Very encouraging! It’s great to see evidence like this continue to build. Thanks as always Simon.
Hi Double, hope all is well. Glad you liked the post. Fingers crossed for the GLP-1R-related clinical trial results in 2021.
Do you know if the exenatide phase 3 trial has been effected much by covid? Original target was a completion in 2023.
Recruitment and screening for the Exenatide III study was paused in mid-March, due to COVID. But UCL, Oxford and Plymouth are all now open again and the remaining sites are due to start recruiting in the coming months. The results will most likely now be available in 2024, but several of the Phase II studies mentioned above will be giving results in 2021.

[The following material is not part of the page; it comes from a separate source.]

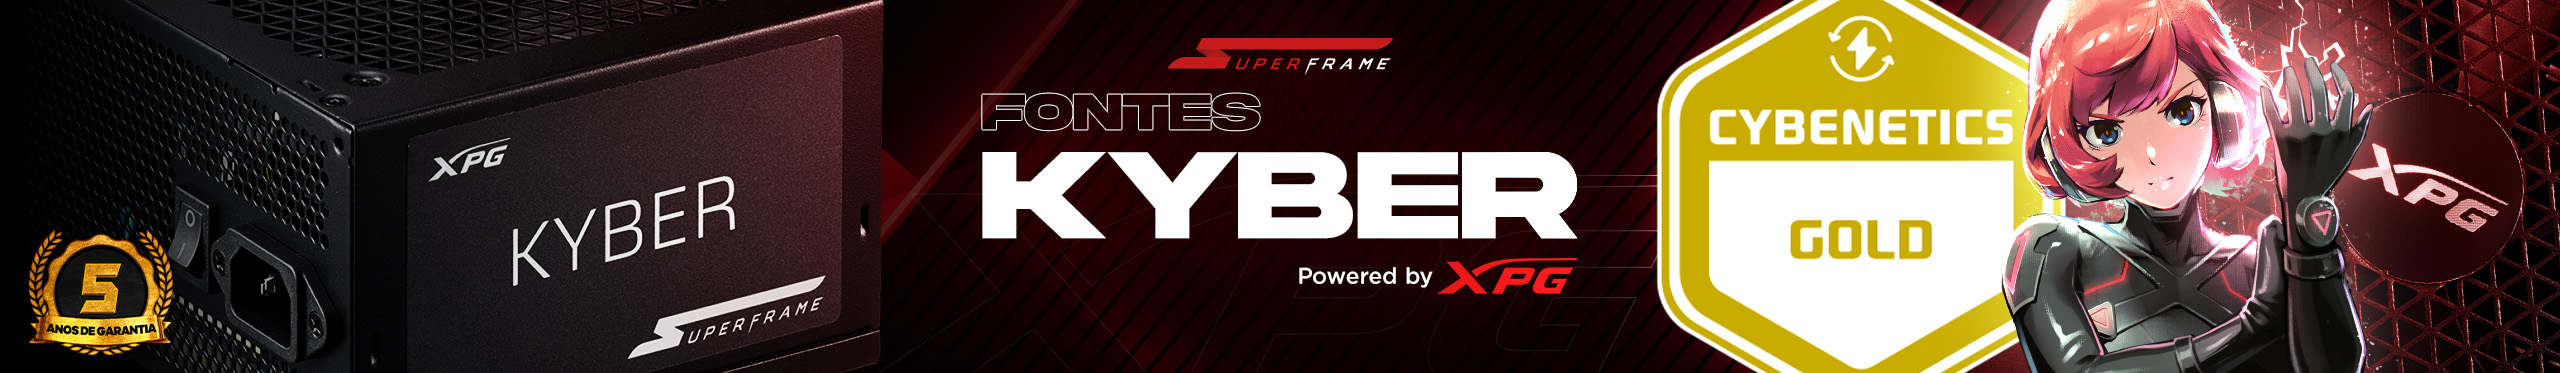 Agora as fontes XPG SuperFrame Kyber estão aprovadas pelo selo Cybenetics de qualidade!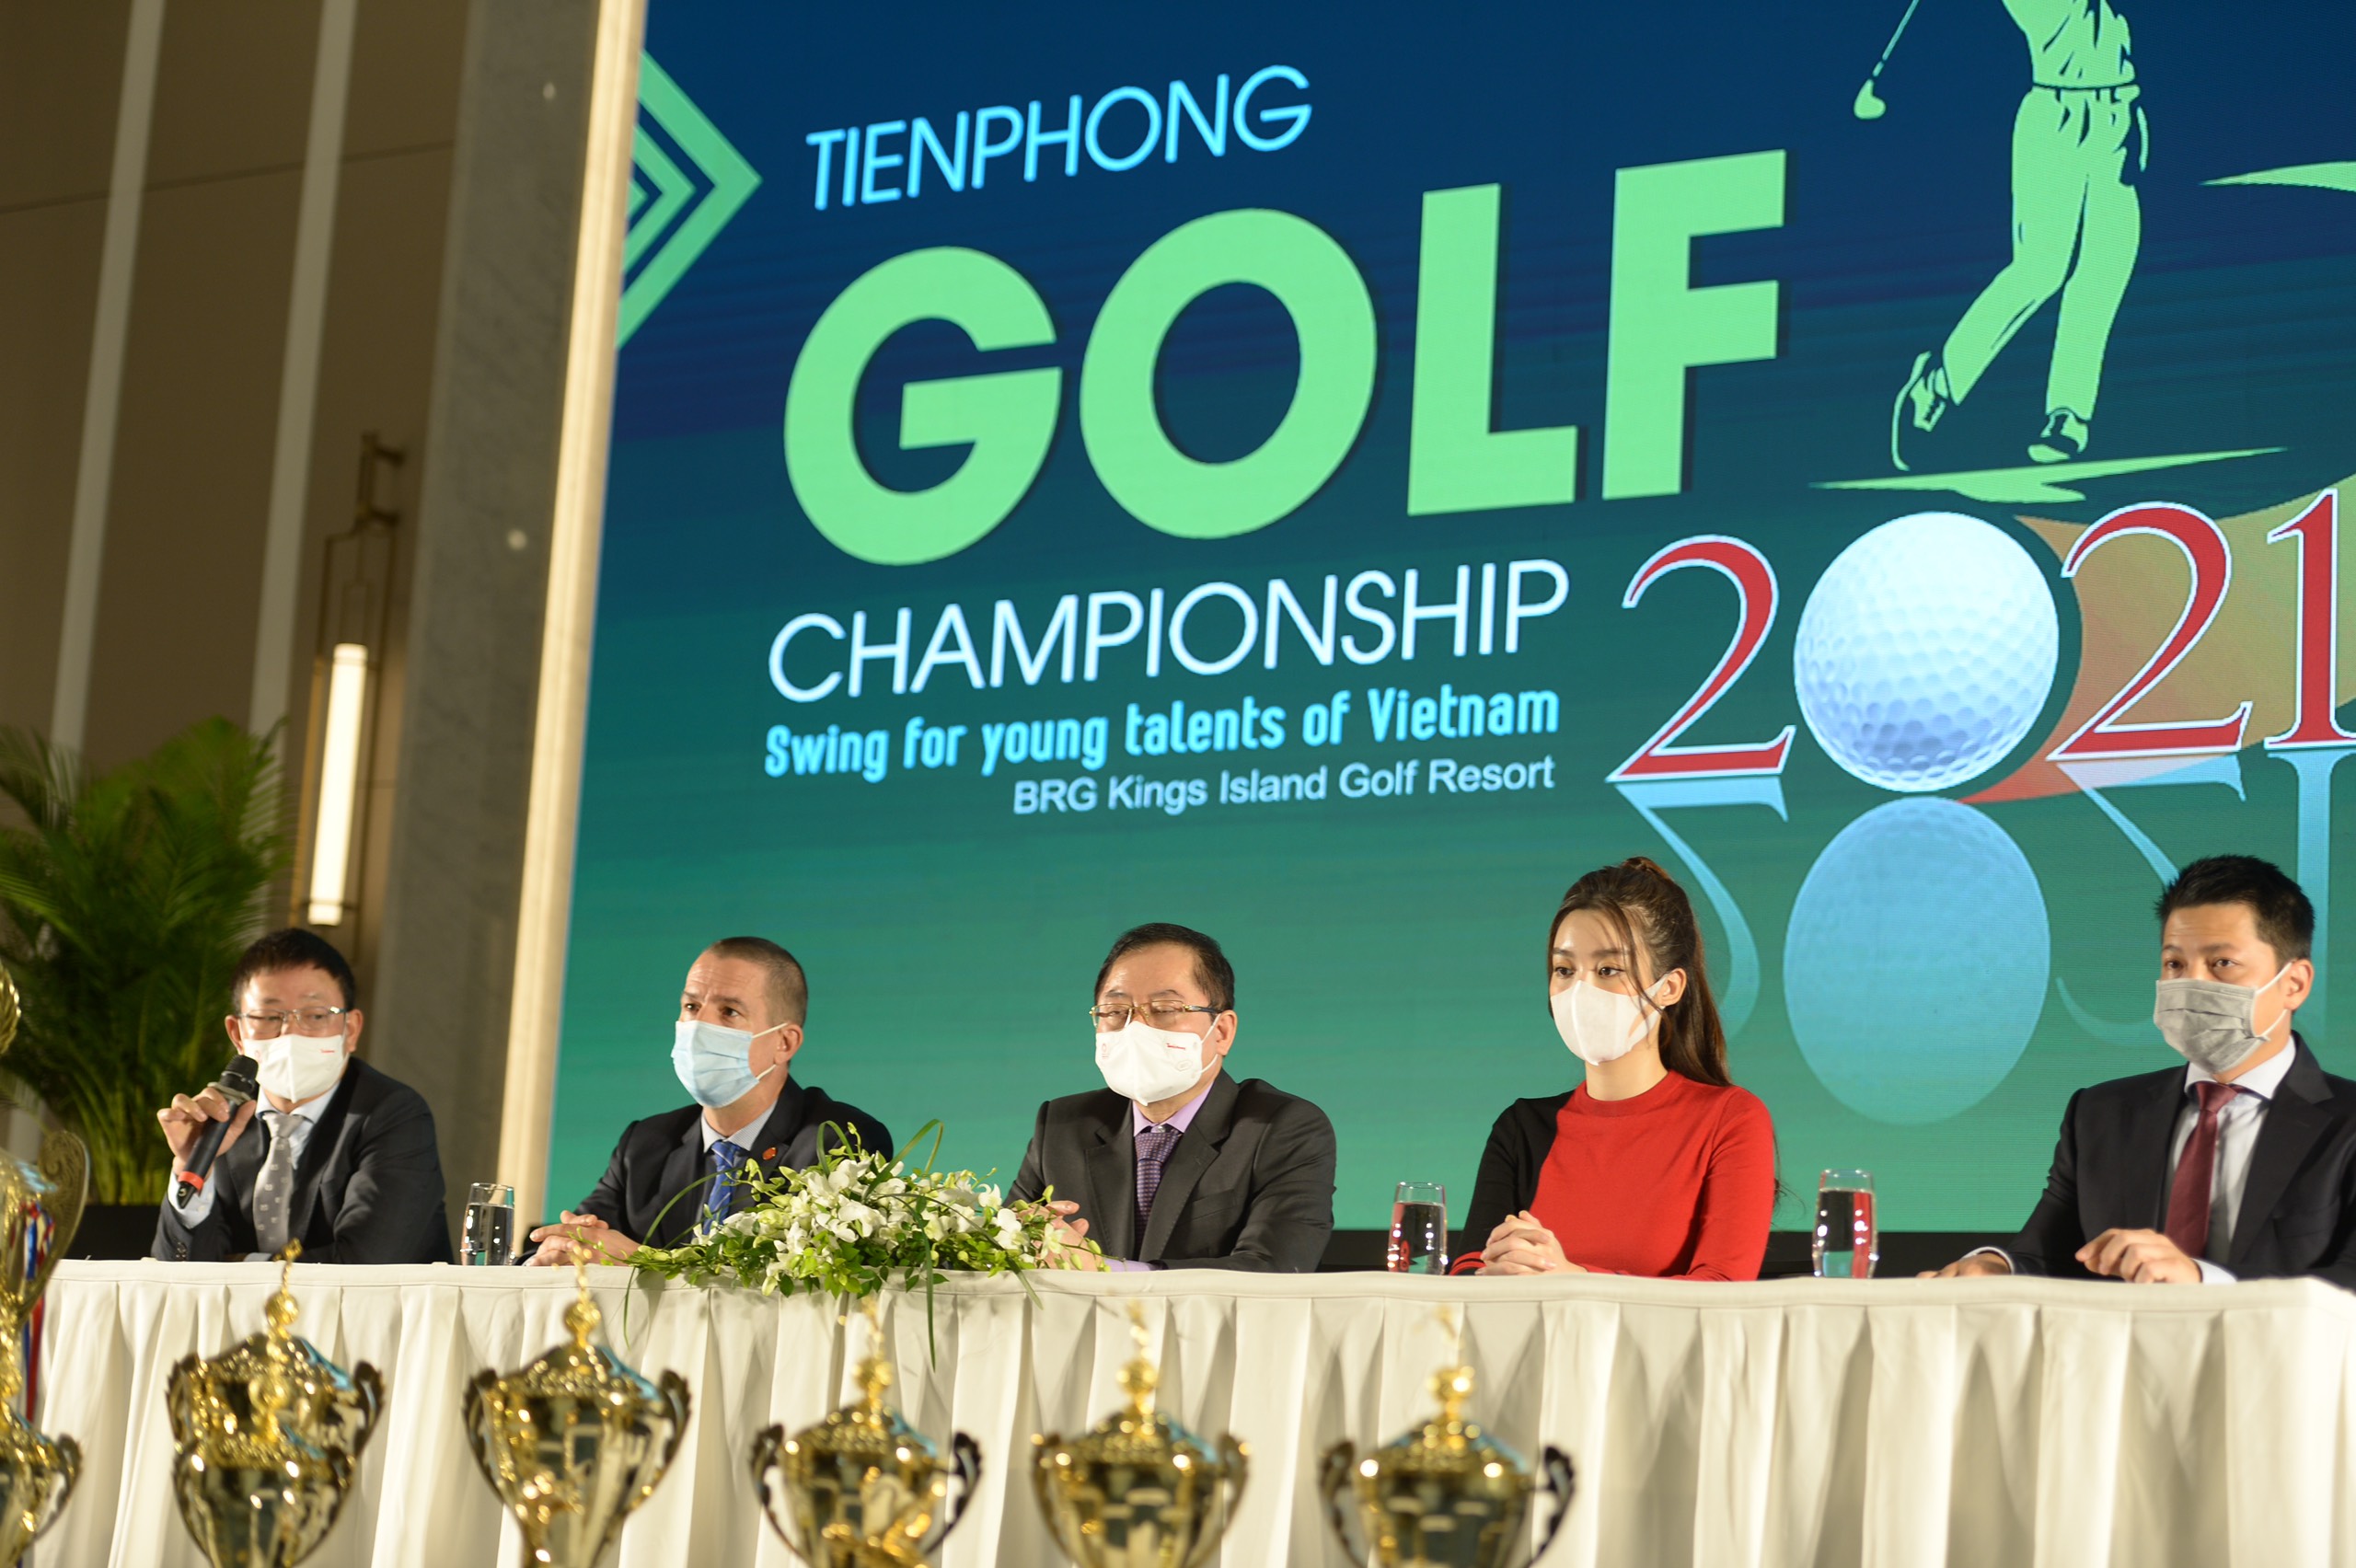 Giải Tiền Phong Golf Championship 2021 hấp dẫn với 3 loại giải thưởng HIO

Thanks for the response. 🙂
I wish trial runners would keep patients up to date on their trials. Updates on their trial websites and the registration sites like clinicaltrials.gov are non-existent leaving patients not having a clue of the status of the trials. There seems be zero effort to attract patients to enroll in trials via online means. The clinical trial approach is stuck in the 90’s and it’s no wonder, trials struggle to recruit patients.
Regarding the chart, we see a big jump downward when treatment begins, and then in the last 12 weeks when treatmentis removed, we see that the treatment group has a big jump up of 1.5 points on the UPDRS while the placebo group only increases by about 0.5 points in the same interval.
So doesn’t that suggest a palliative effect more than it suggests a more lasting efffect upon progression? If the study had continued for another 12 weeks without giving the drug to either group, wouldn’t the gap have continued to close between the two groups?